* [Exercise goal] Go through the listing below and write out exactly the lines from the one that mentions "Maison de Mars" through the one that mentions "Needle Knitting Storage", minus the pictures.

Stored data: Begin

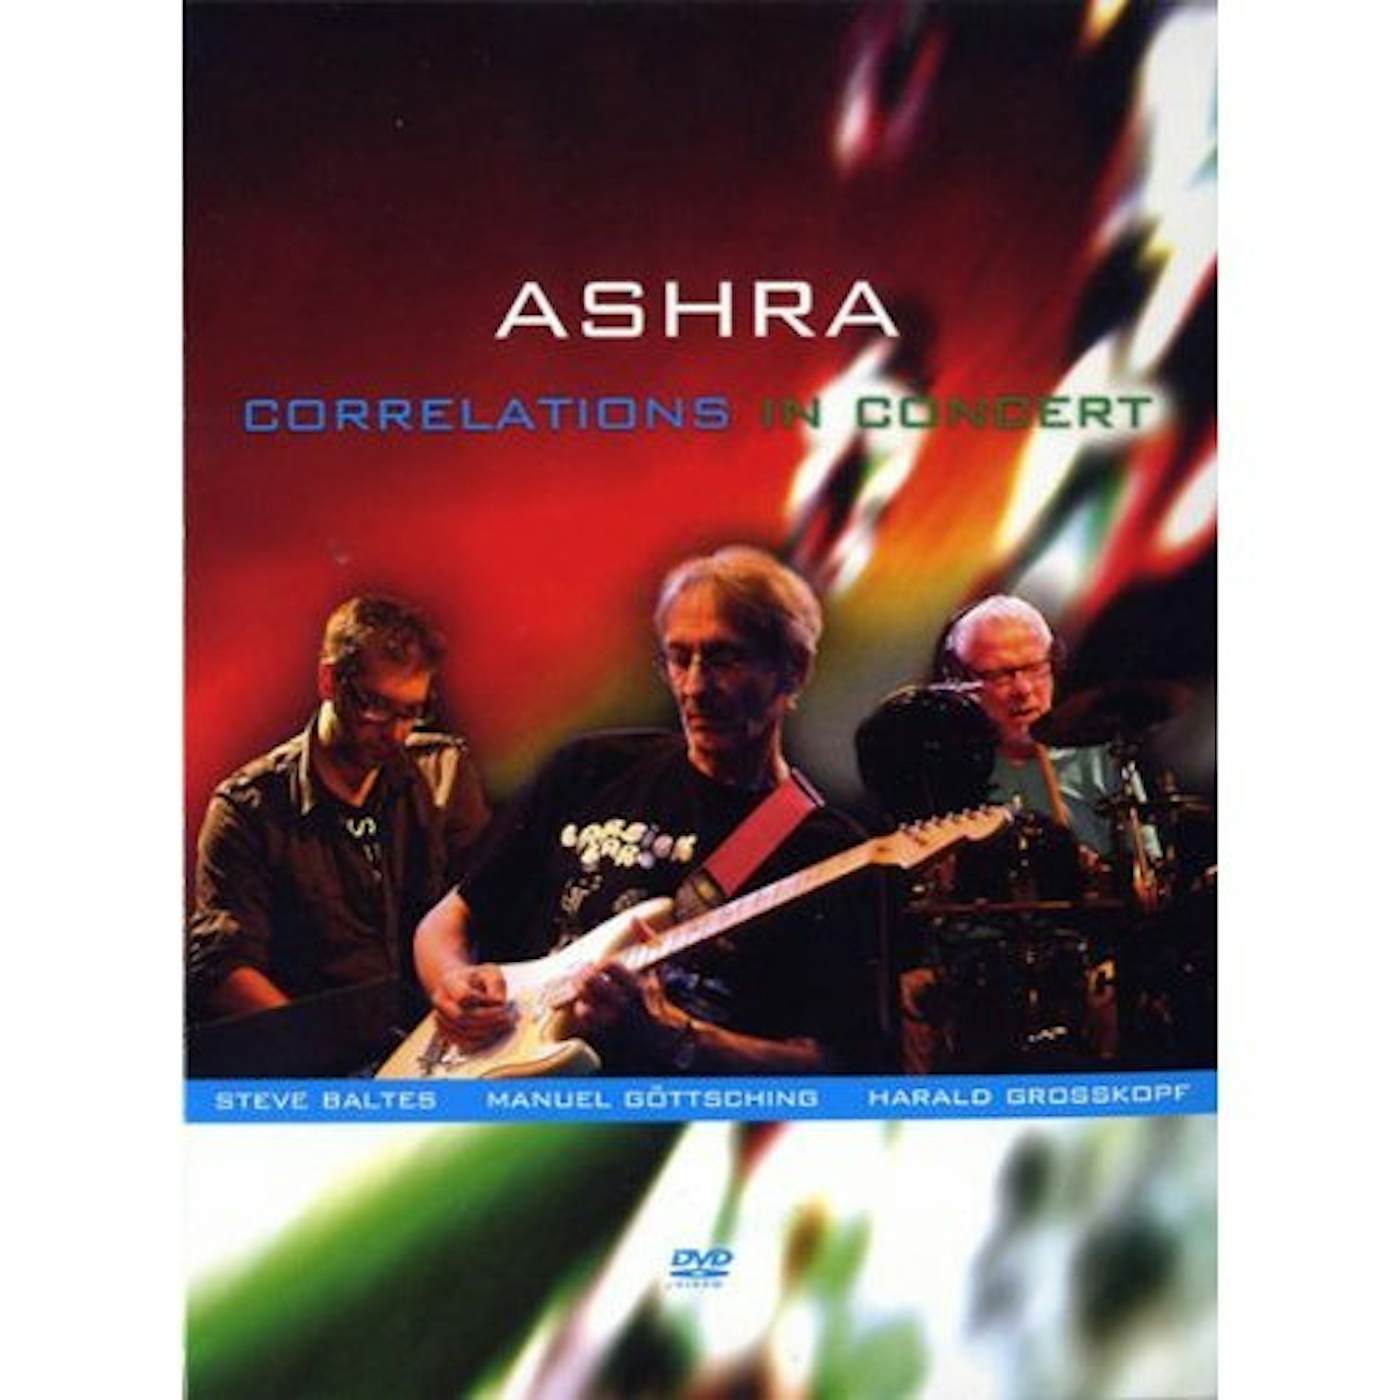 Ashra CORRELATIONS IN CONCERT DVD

Stored data: End
Stored data: Begin

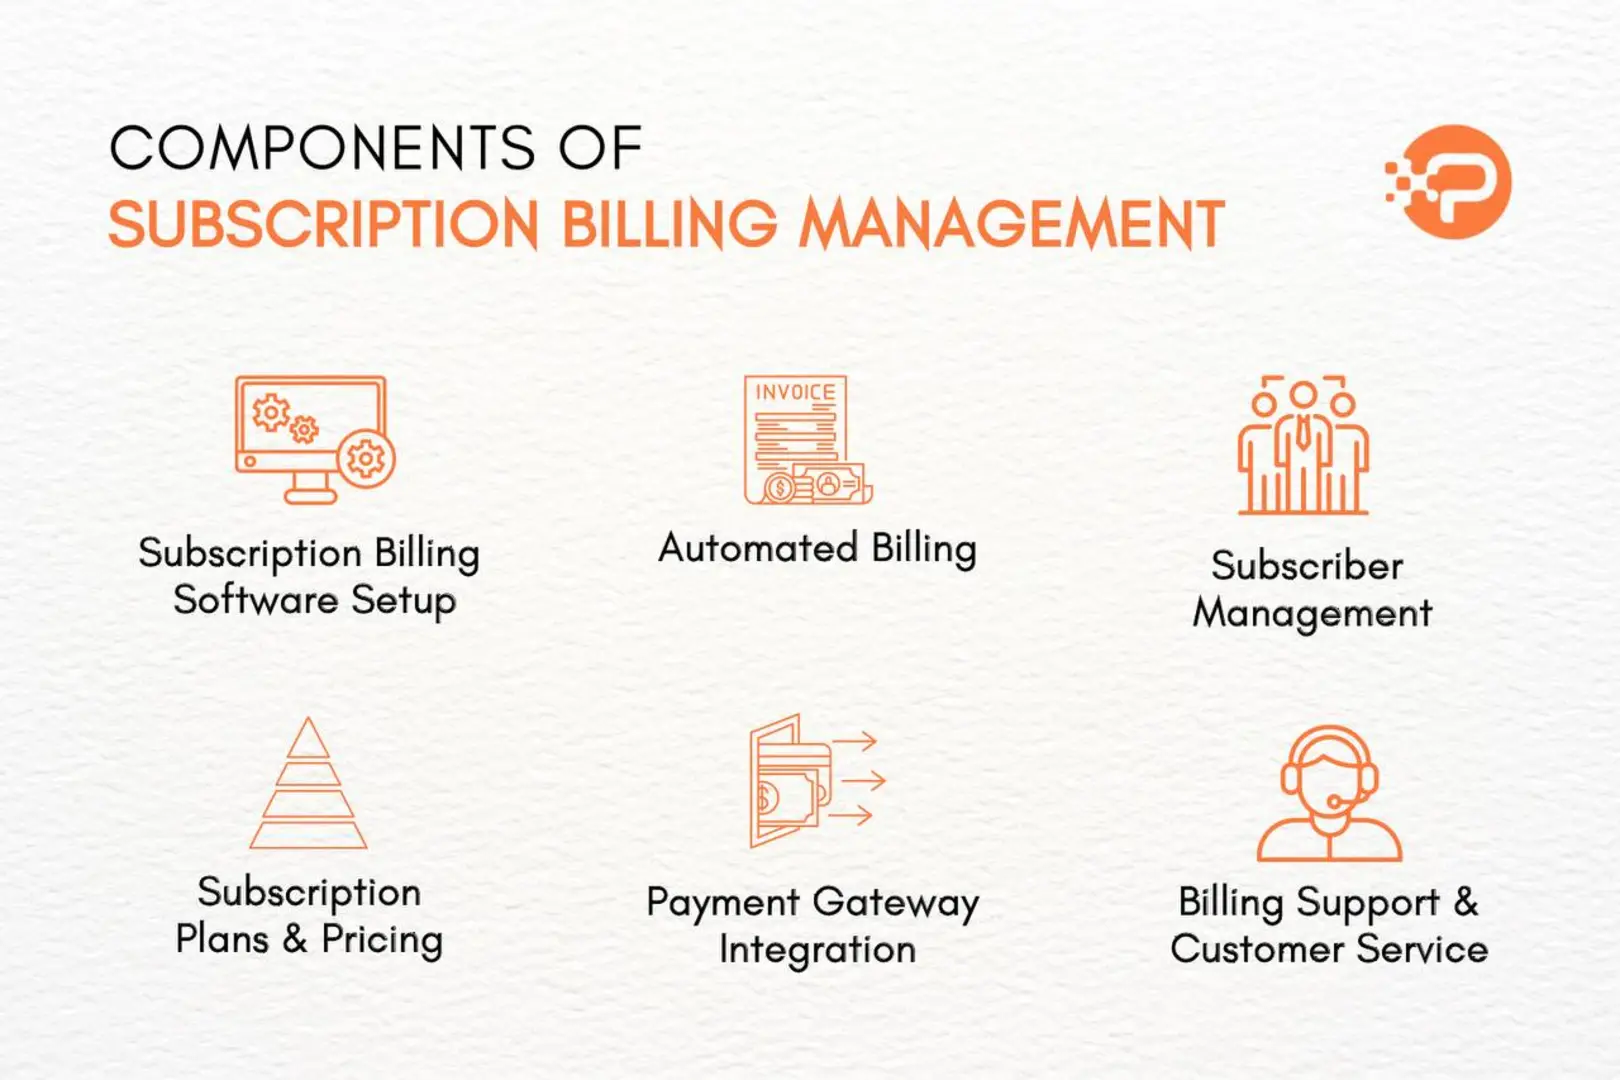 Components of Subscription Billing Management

Stored data: End
Stored data: Begin

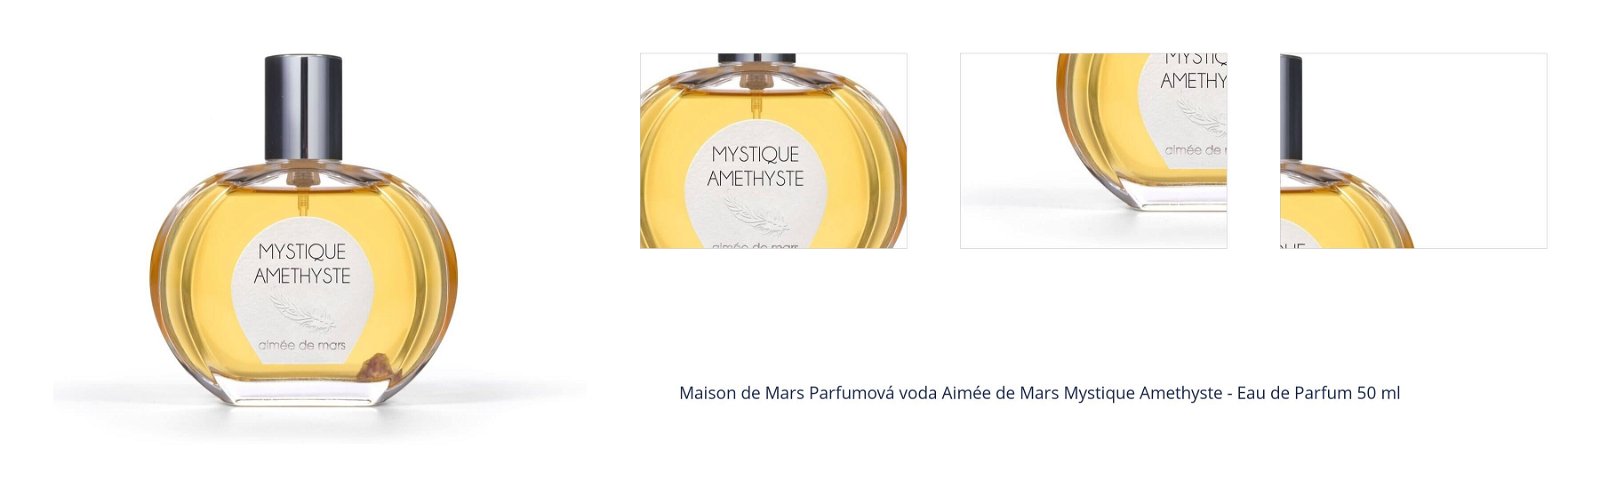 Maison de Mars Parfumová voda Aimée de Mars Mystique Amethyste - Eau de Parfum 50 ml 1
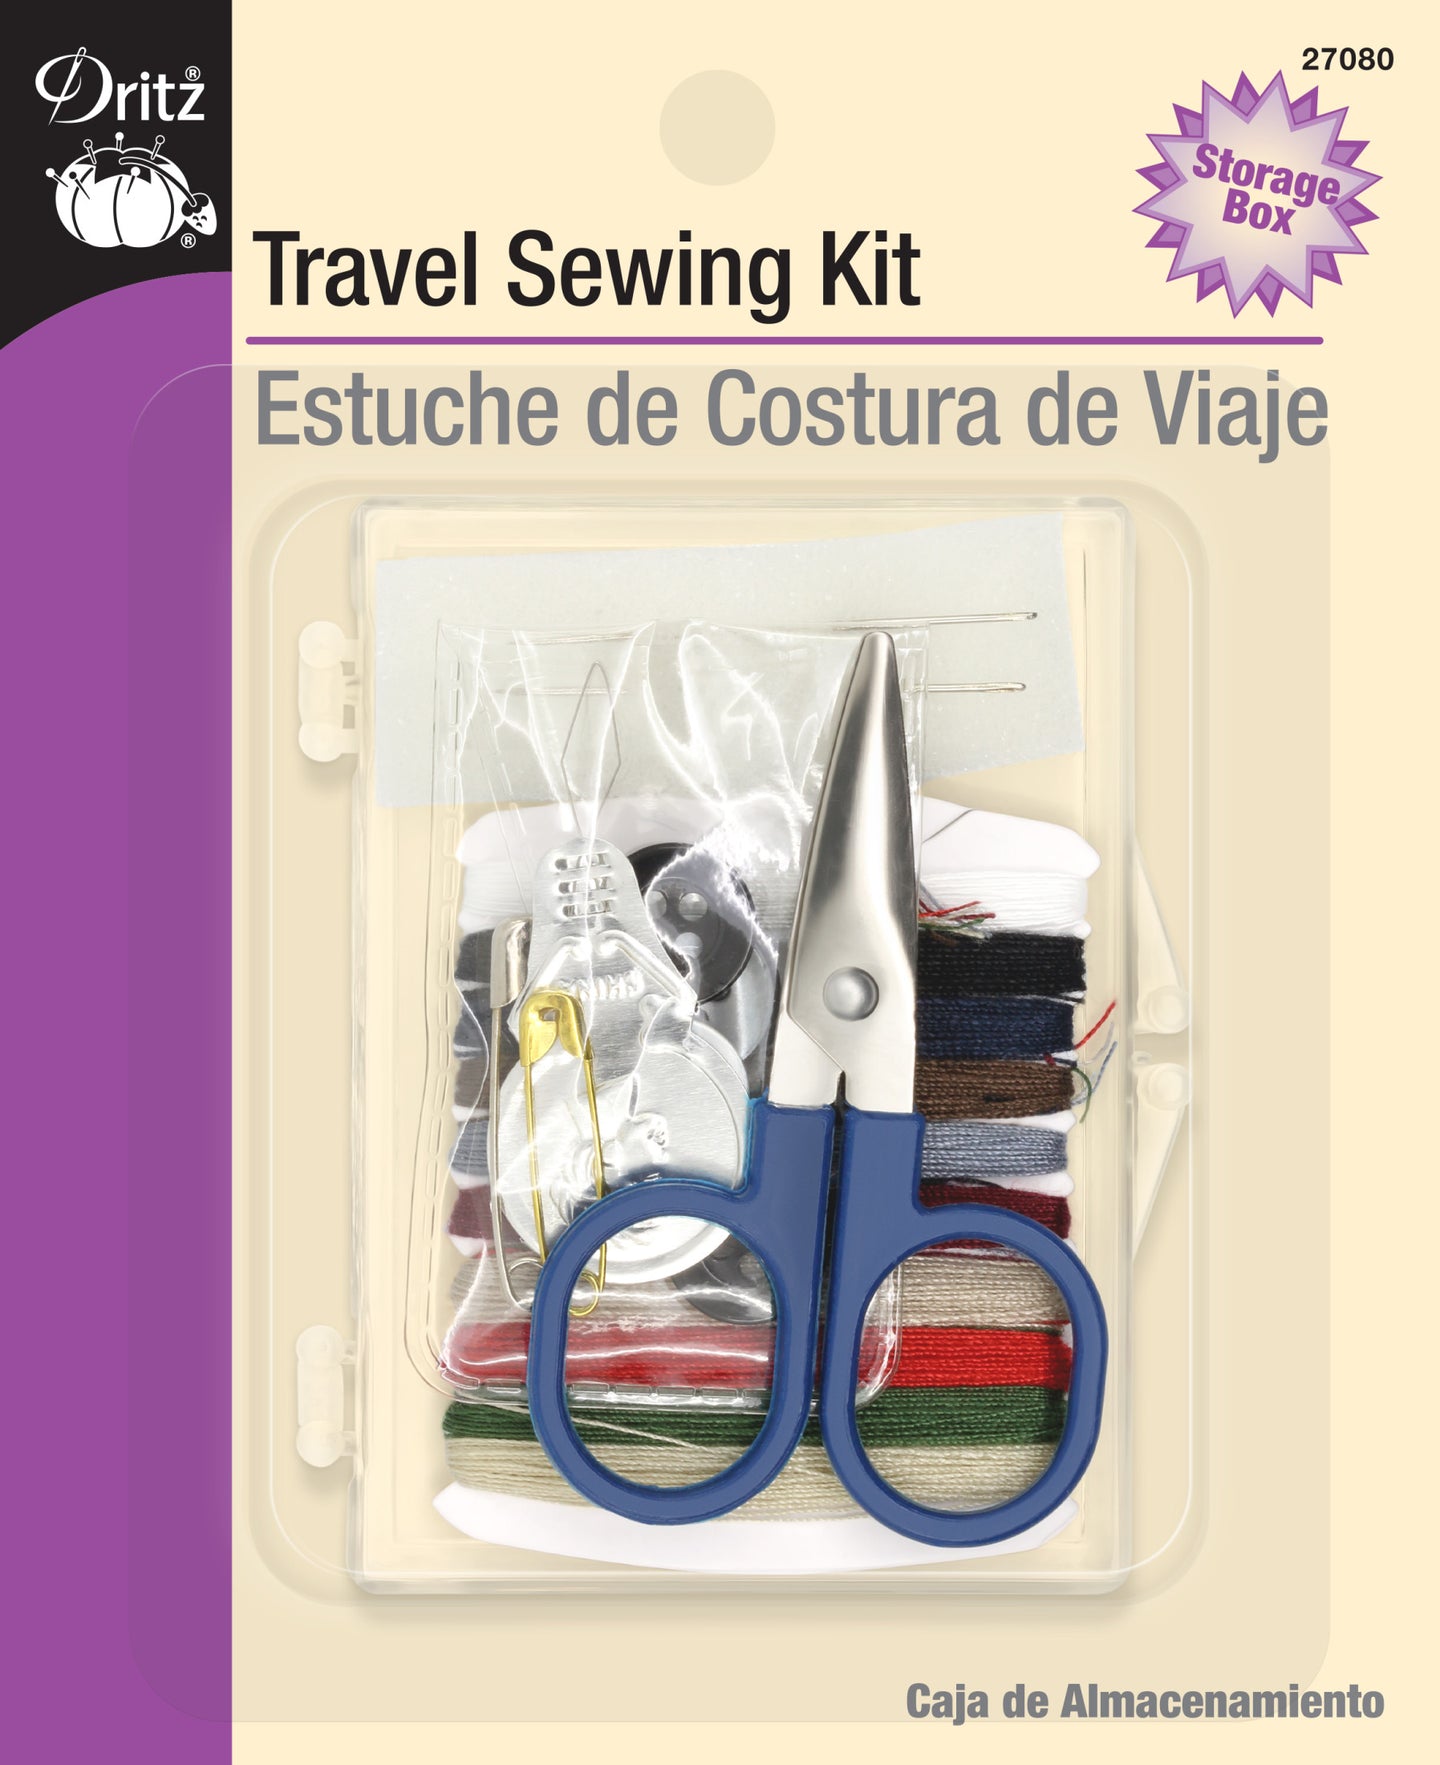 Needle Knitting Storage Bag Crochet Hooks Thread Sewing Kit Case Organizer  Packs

Stored data: End

* [Exercise solution]
 Maison de Mars Parfumová voda Aimée de Mars Mystique Amethyste - Eau de Parfum 50 ml 1
 Needle Knitting Storage Bag Crochet Hooks Thread Sewing Kit Case Organizer  Packs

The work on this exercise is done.